AIM OF THE TASK:
The task calls for an exact copy of the records, without any images.
*** Opening THE RECORDS ***
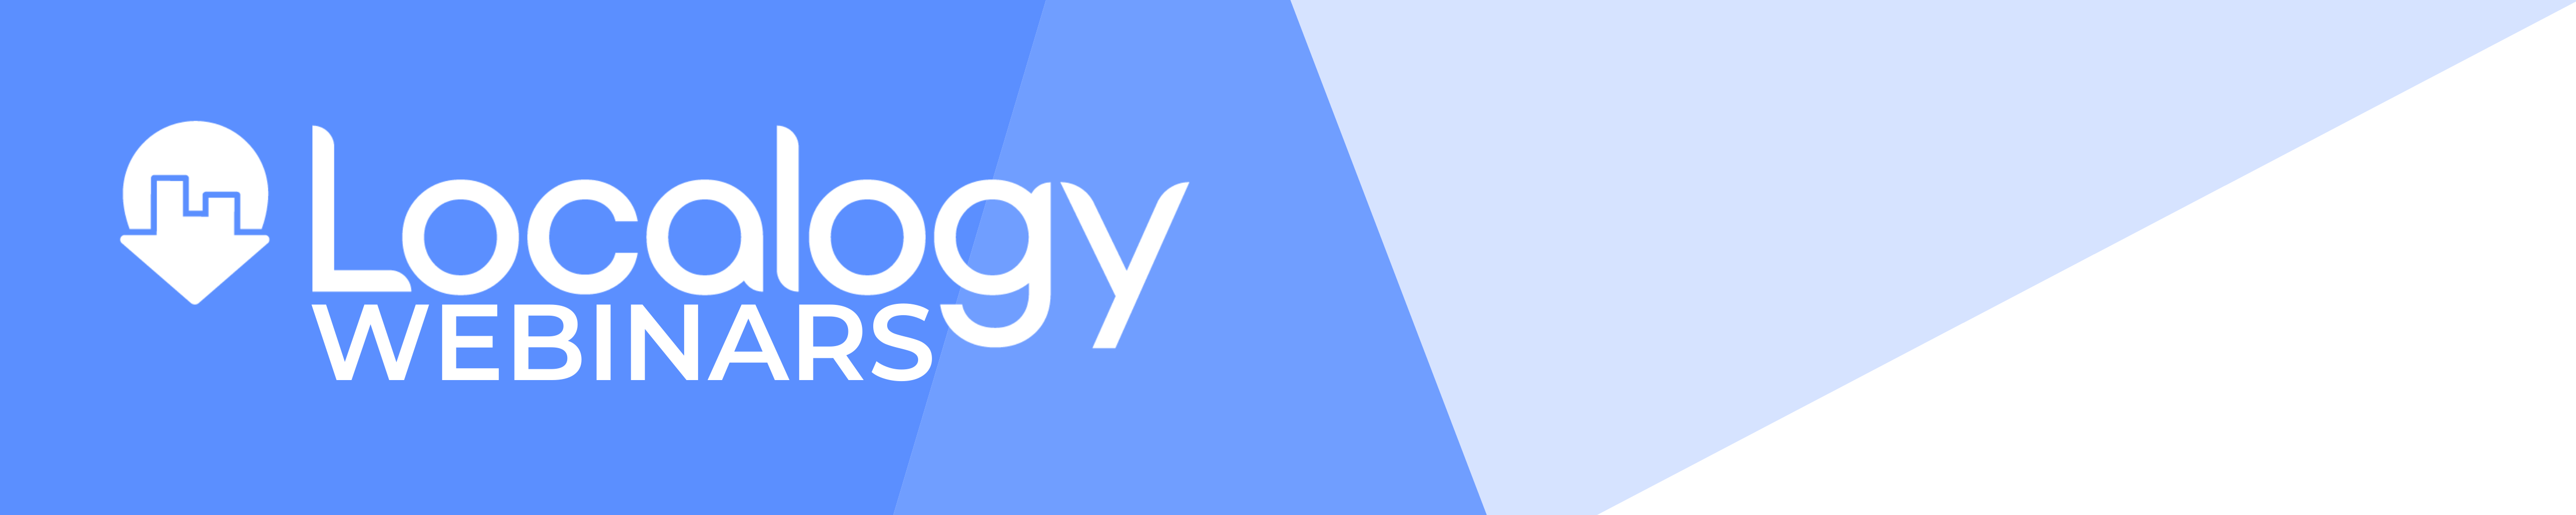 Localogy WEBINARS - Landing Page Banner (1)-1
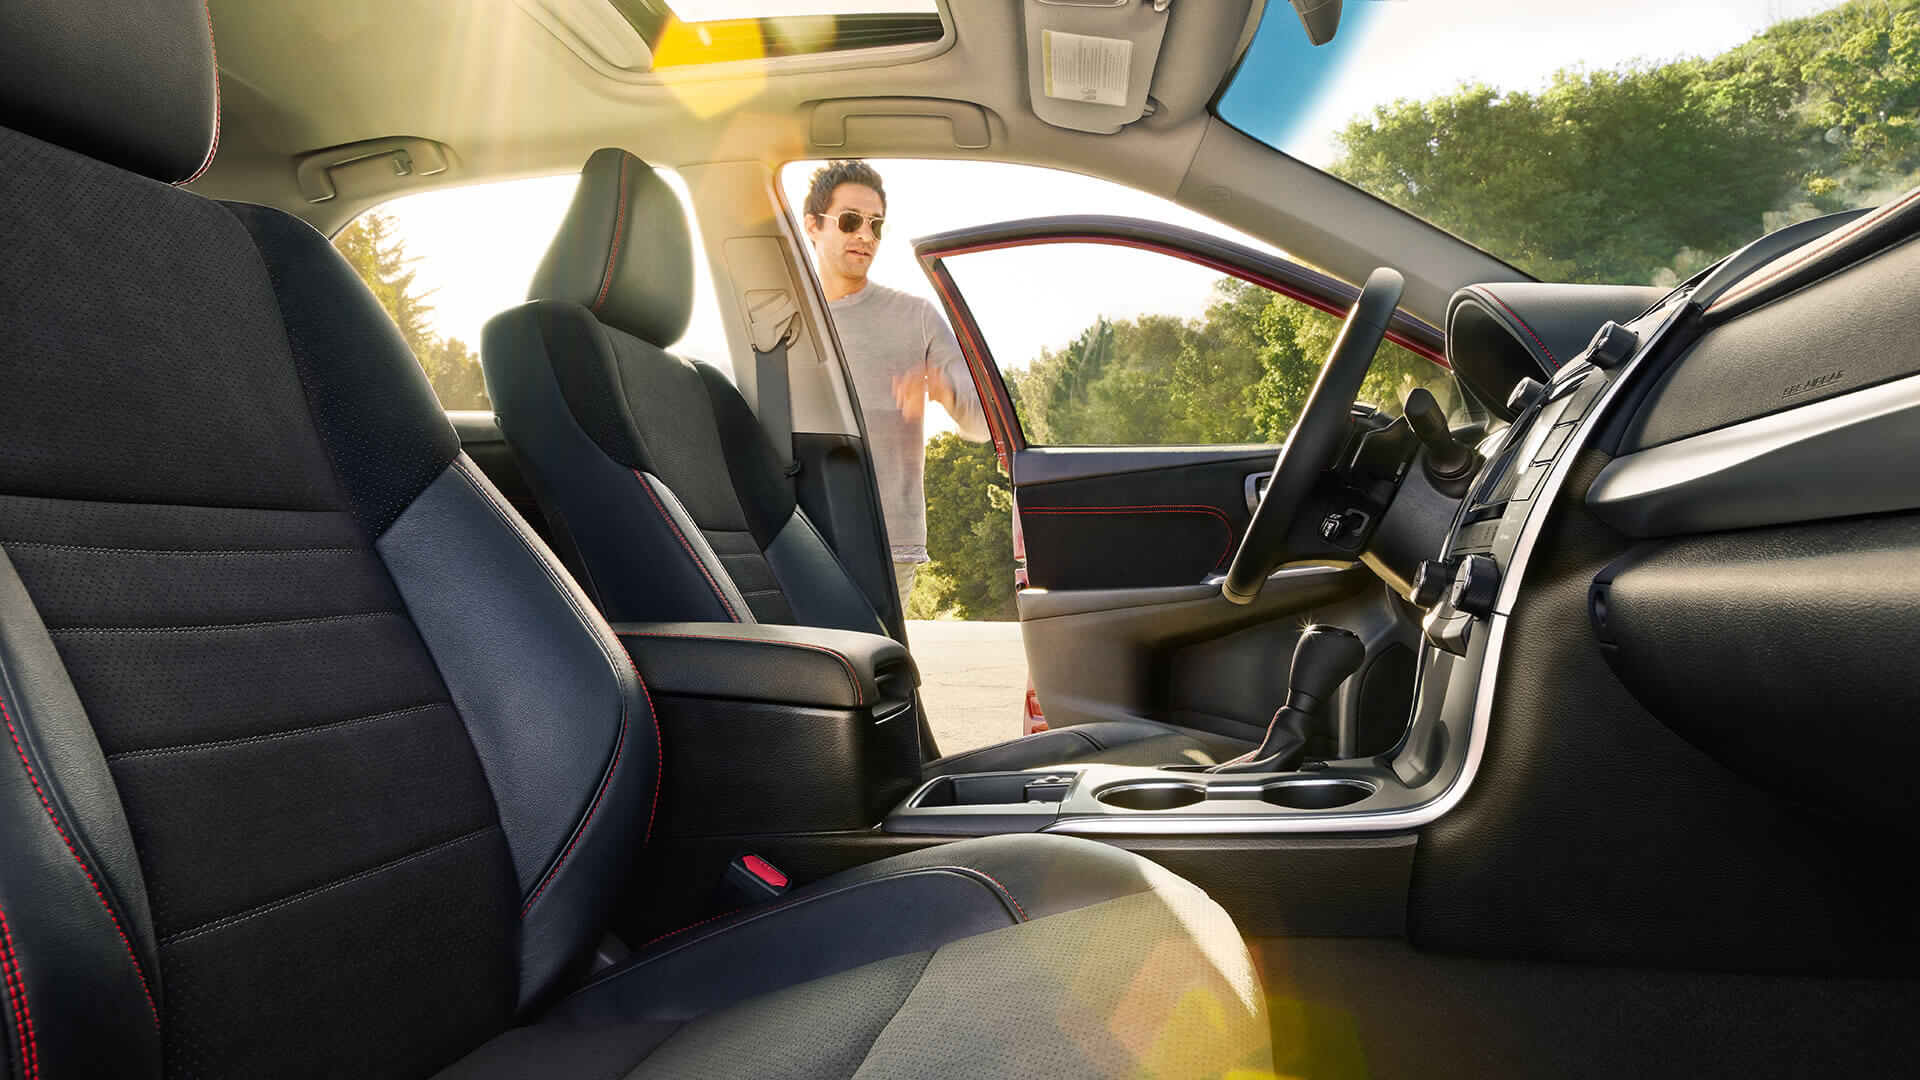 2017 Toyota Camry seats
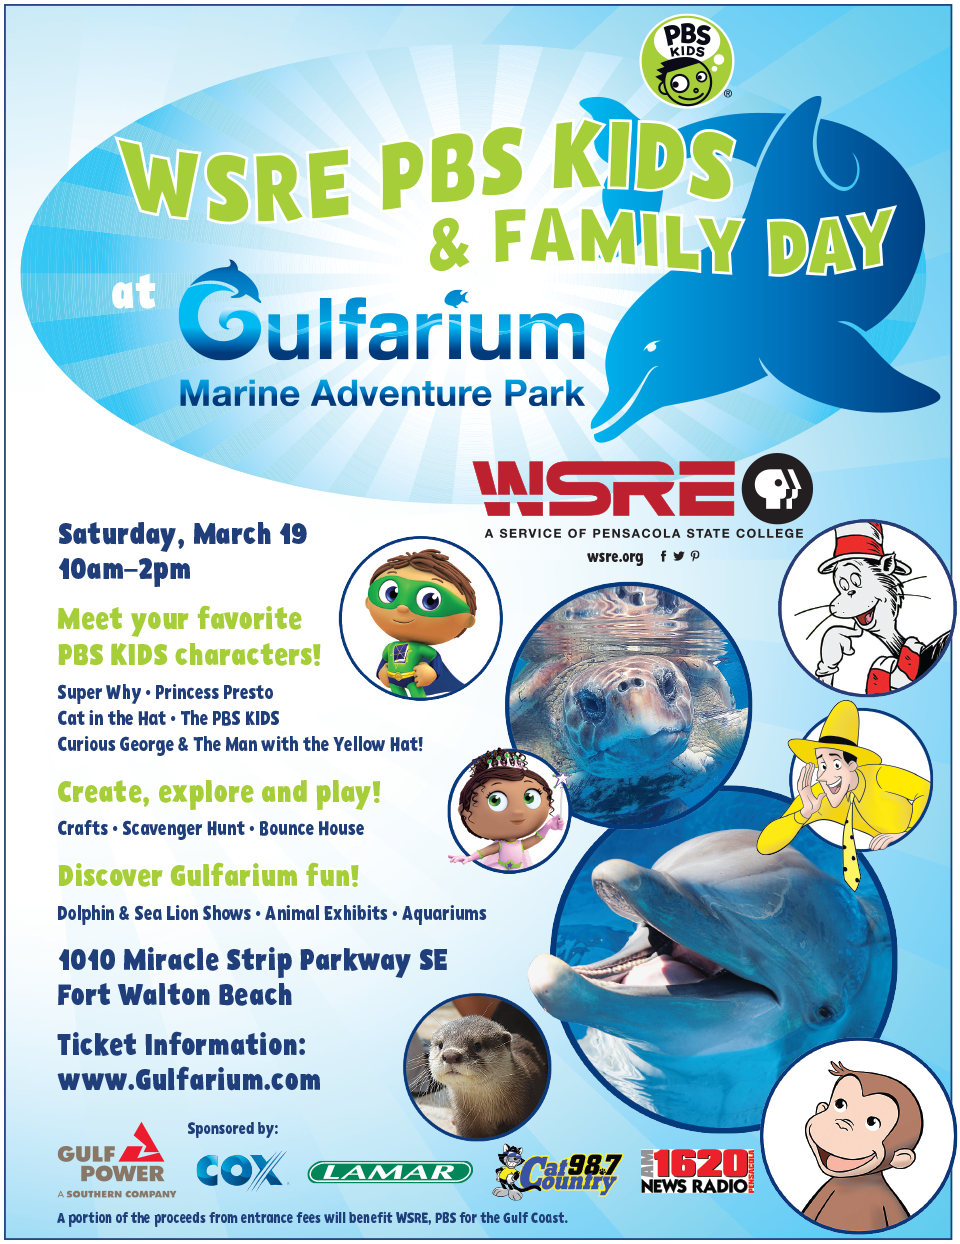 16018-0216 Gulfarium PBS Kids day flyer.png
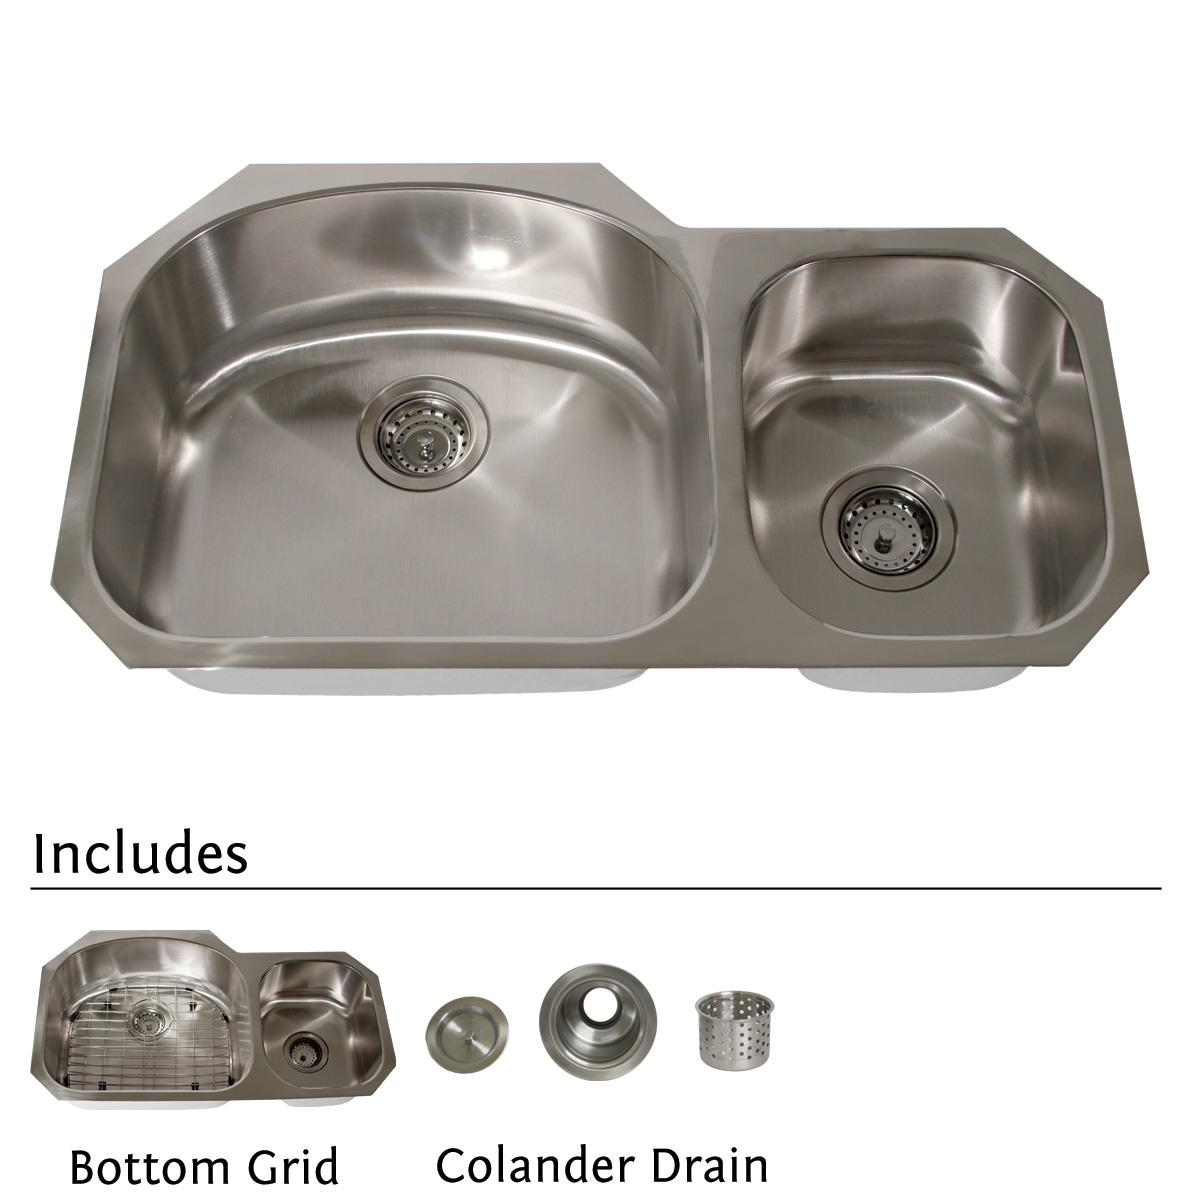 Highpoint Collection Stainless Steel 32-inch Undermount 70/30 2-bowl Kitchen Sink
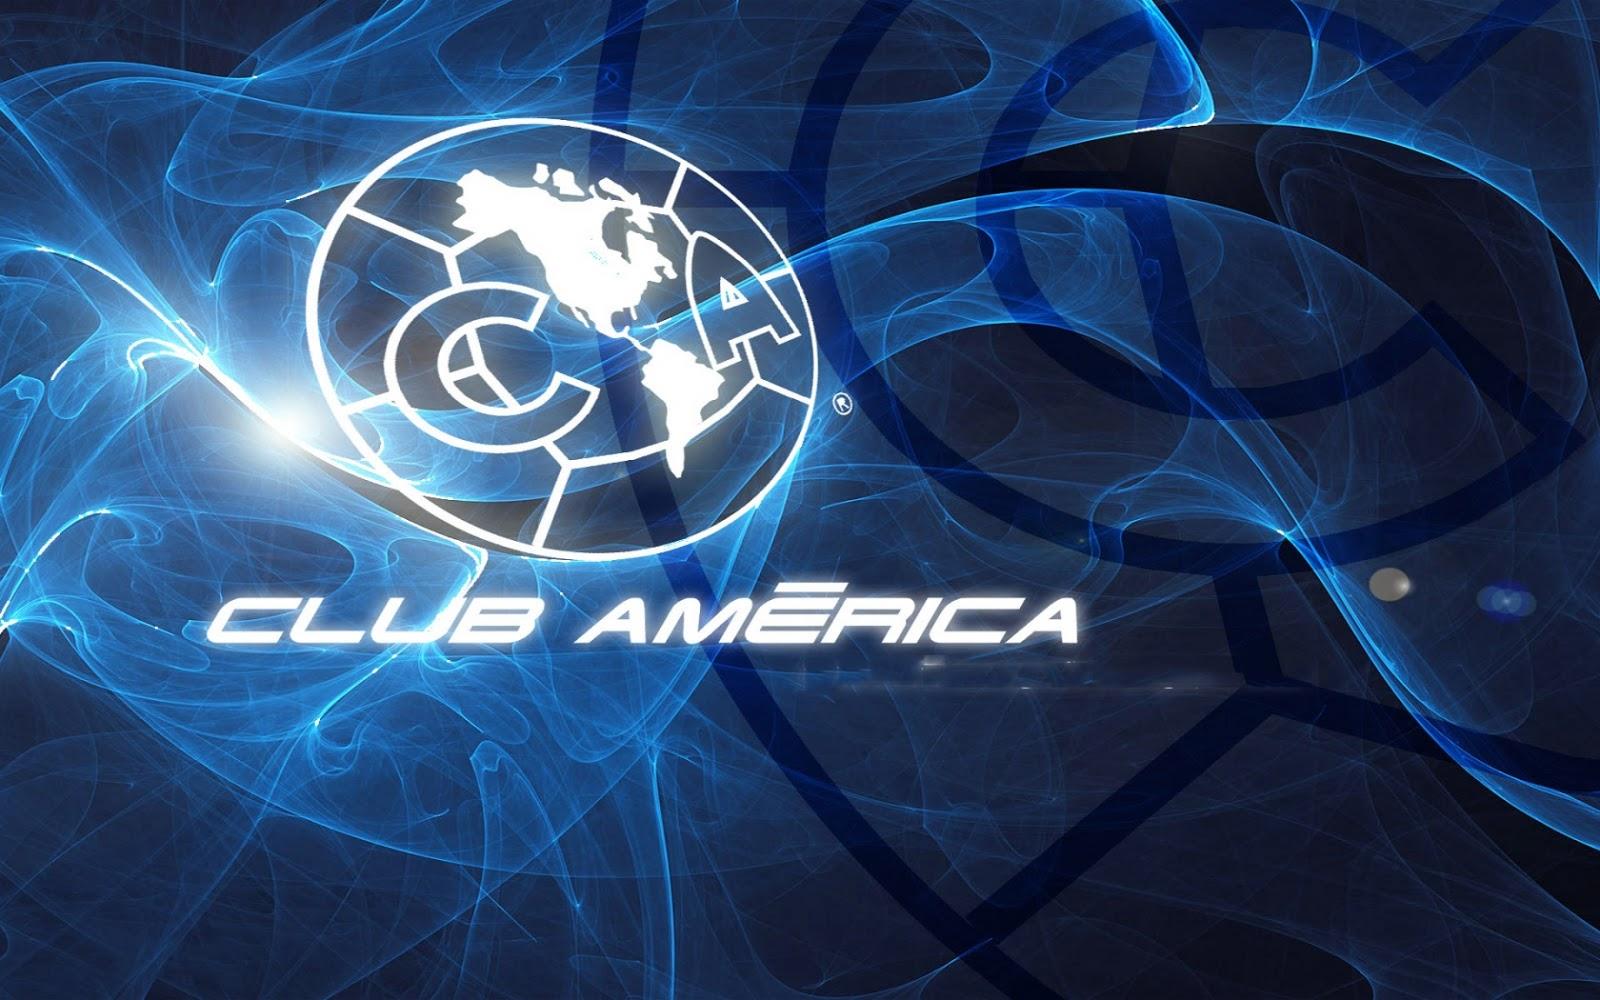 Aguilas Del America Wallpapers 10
*** Closing THE RECORDS ***
OUTPUT OF THE EXERCISE:
 Localogy WEBINARS - Landing Page Banner (1)-1
 2017 Toyota Camry seats
 16018-0216 Gulfarium PBS Kids day flyer.png
 Highpoint Collection Stainless Steel 32-inch Undermount 70/30 2-bowl Kitchen Sink
 Aguilas Del America Wallpapers 10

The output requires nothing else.